Um texto do escritor americano Jonathan Franzen (“What if we stop pretending?”), publicado pela revista New Yorker há alguns dias, jogou um fósforo aceso na palha seca das discussões sobre aquecimento global. Em resumo, o escritor afirma que já não há mais nada que possamos fazer para reverter o colapso climático do planeta. Em vez de continuarmos insistindo no que precisamos mudar para evitar o desastre, argumenta, o negócio é se preparar para enfrentar o pior da melhor forma possível. E salve-se quem puder quando as ondas baterem na sua praia.
Franzen não nega as mudanças climáticas, apenas duvida que a humanidade seja capaz de fazer algo a respeito
Ativistas e cientistas ficaram pistolas com o texto, como era de se esperar. Não apenas porque acreditam que o escritor entendeu tudo errado, do ponto de vista tanto científico quanto político da questão, mas por identificarem em sua abordagem uma nova espécie de negacionismo. Não o tipo vulgar e desinformado exibido, por exemplo, pelo chanceler Ernesto Araújo – que na semana passada, em pronunciamento no think tank conservador Heritage Foundation, em Washington, associou a opinião de 99% dos cientistas sobre aquecimento global a uma alucinada conspiração da esquerda para dominar o mundo –, mas ainda assim perigoso. Franzen não nega o papel do homem nas mudanças climáticas nem seus efeitos a médio e longo prazos (ao contrário de alguns abilolados...), apenas duvida que a humanidade seja capaz de fazer algo a respeito a tempo de interromper a catástrofe iminente.

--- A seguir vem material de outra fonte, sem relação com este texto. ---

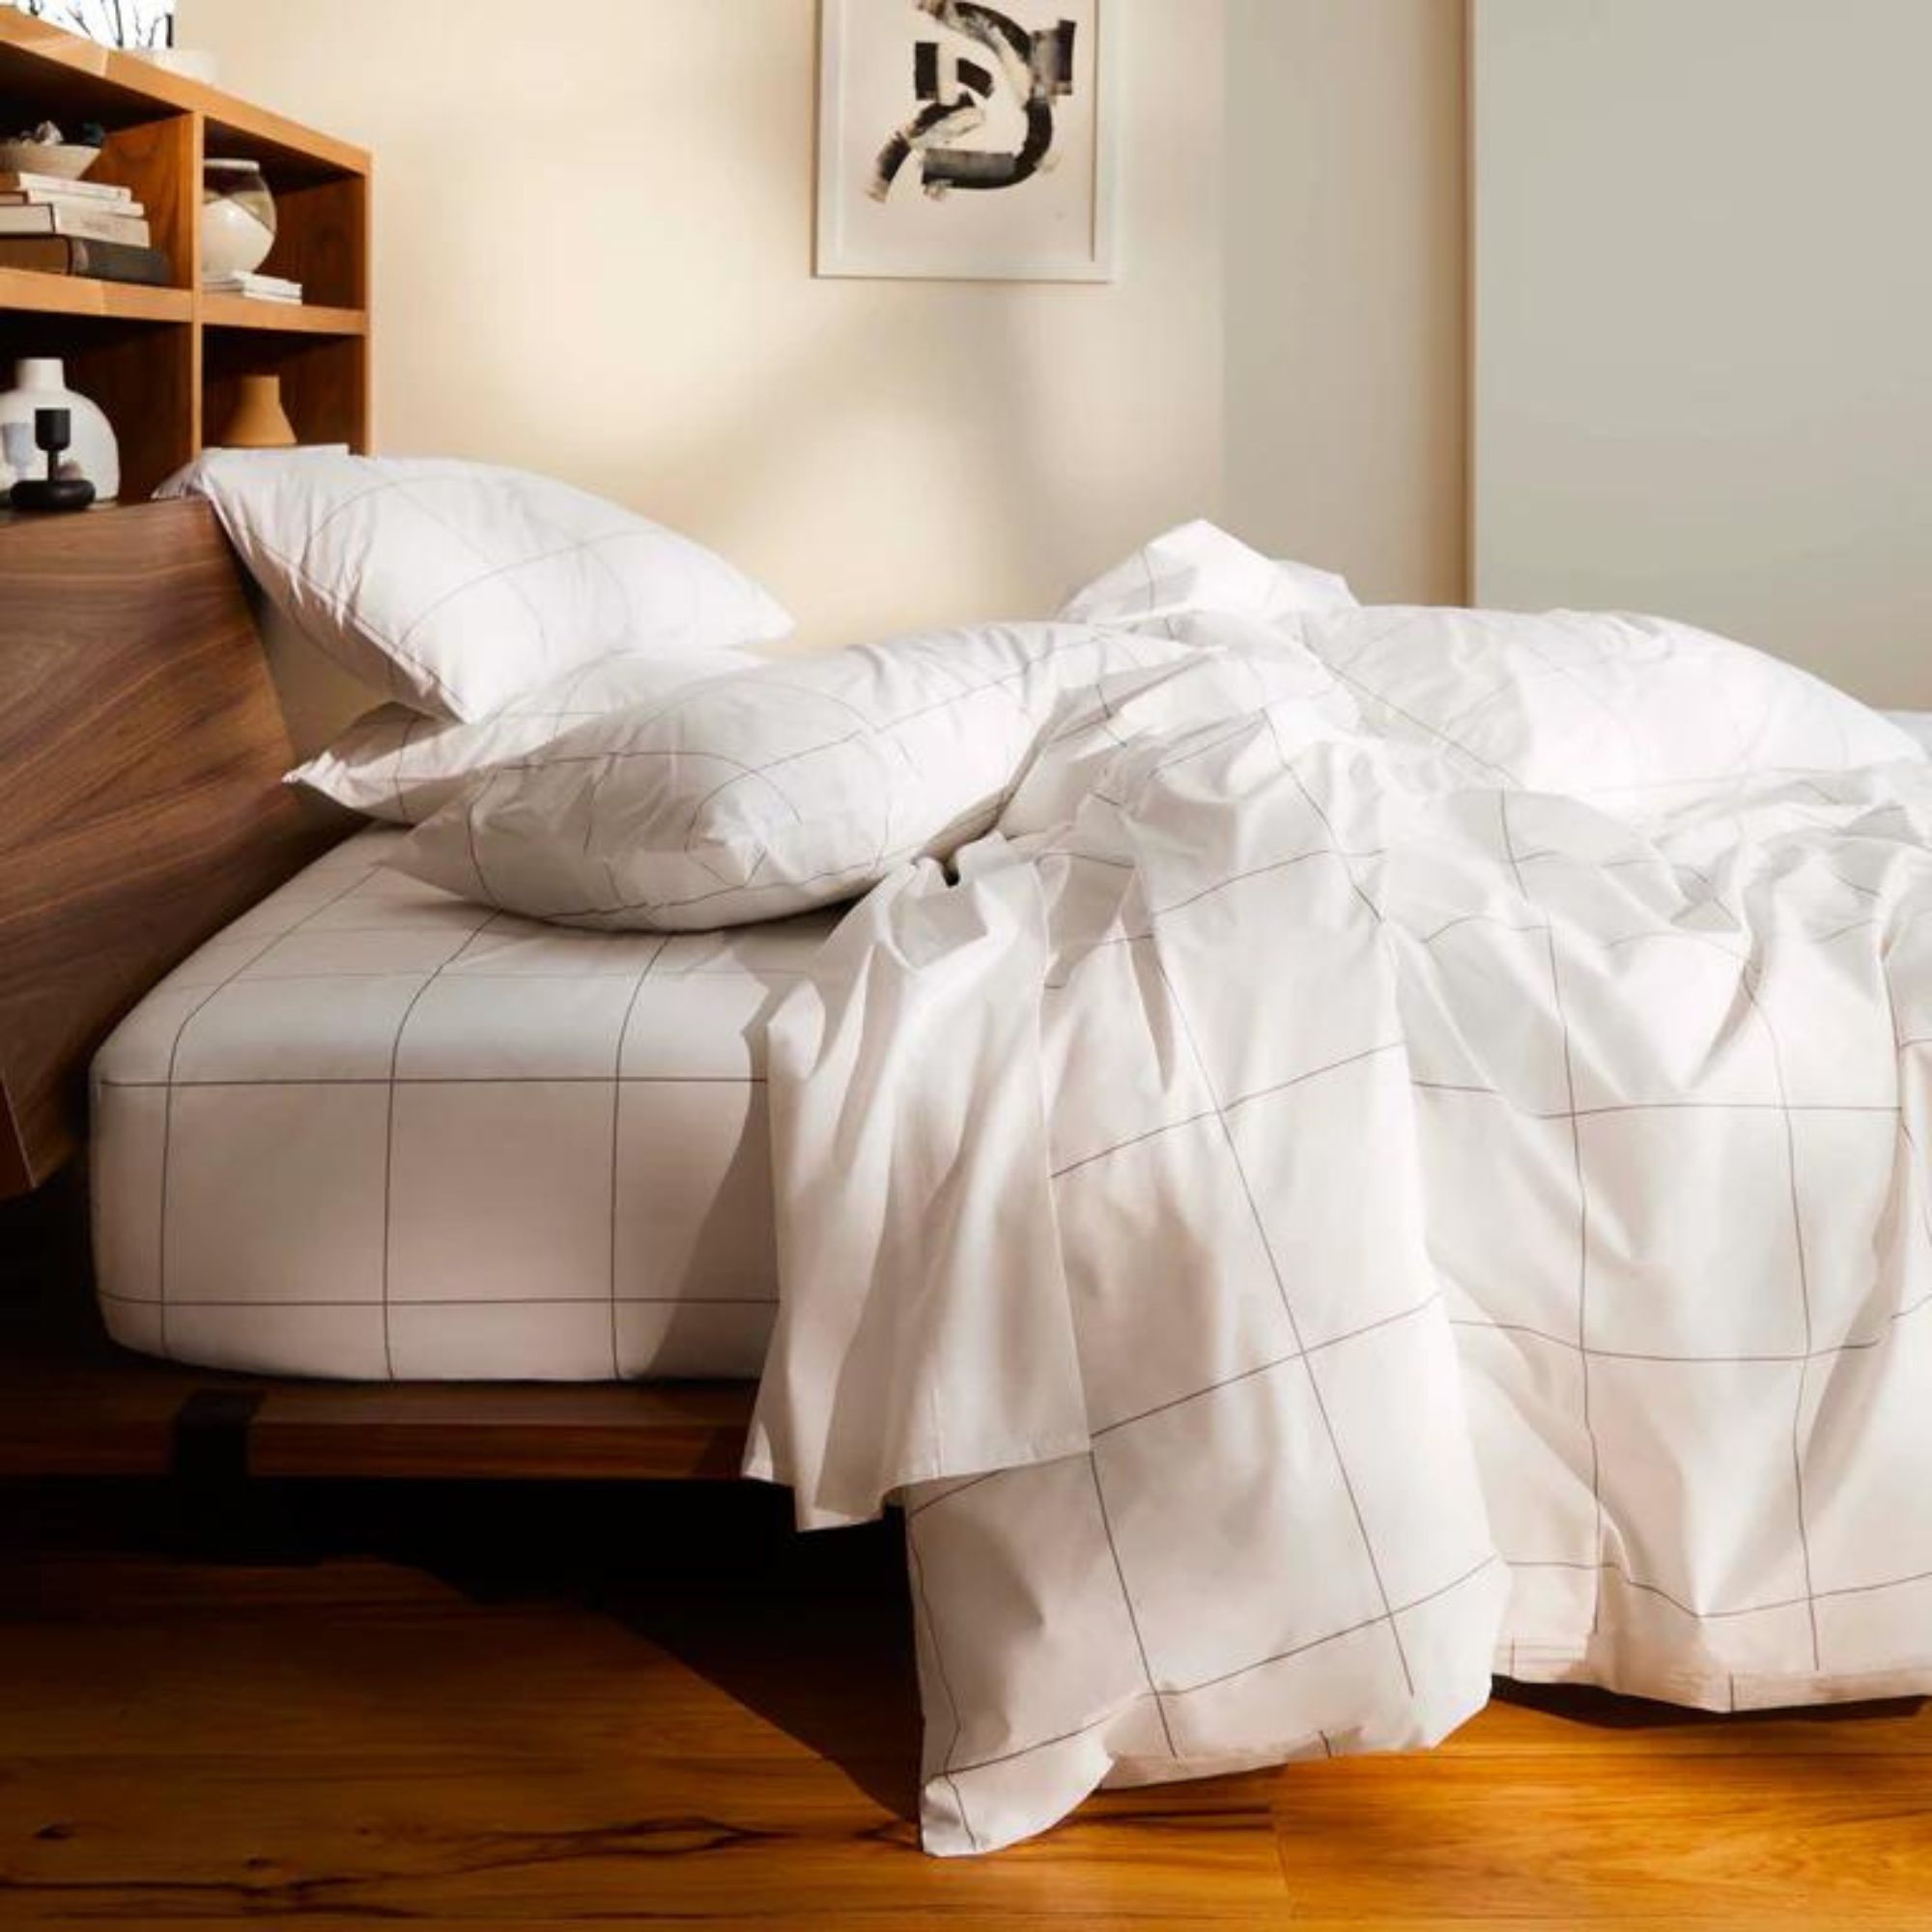 Brooklinen Luxe Core Sheet Set on a bed.

Ao ler o ensaio de Franzen, lembrei de um dos trechos mais conhecidos da literatura mundial: “Ser ou não ser: eis a questão. Saber se é mais nobre na mente suportar as pedradas e flechadas da fortuna ou tomar armas contra as vagas de aflições e, ao afrontar-lhes, dar-lhes fim”. Estamos, como Hamlet a certa altura da peça de Shakespeare, paralisados diante do destino. Agir ou não agir? Enquanto cientistas alertam que não podemos mais perder tempo, Franzen abandonou qualquer esperança de que uma reação consistente venha a acontecer: “Entre uma abstração alarmante (morte) e a evidência tranquilizadora dos meus sentidos (café da manhã!), minha mente sempre vai se concentrar na última”.
Manter ou não a esperança na capacidade de reação da espécie humana: eis a questão.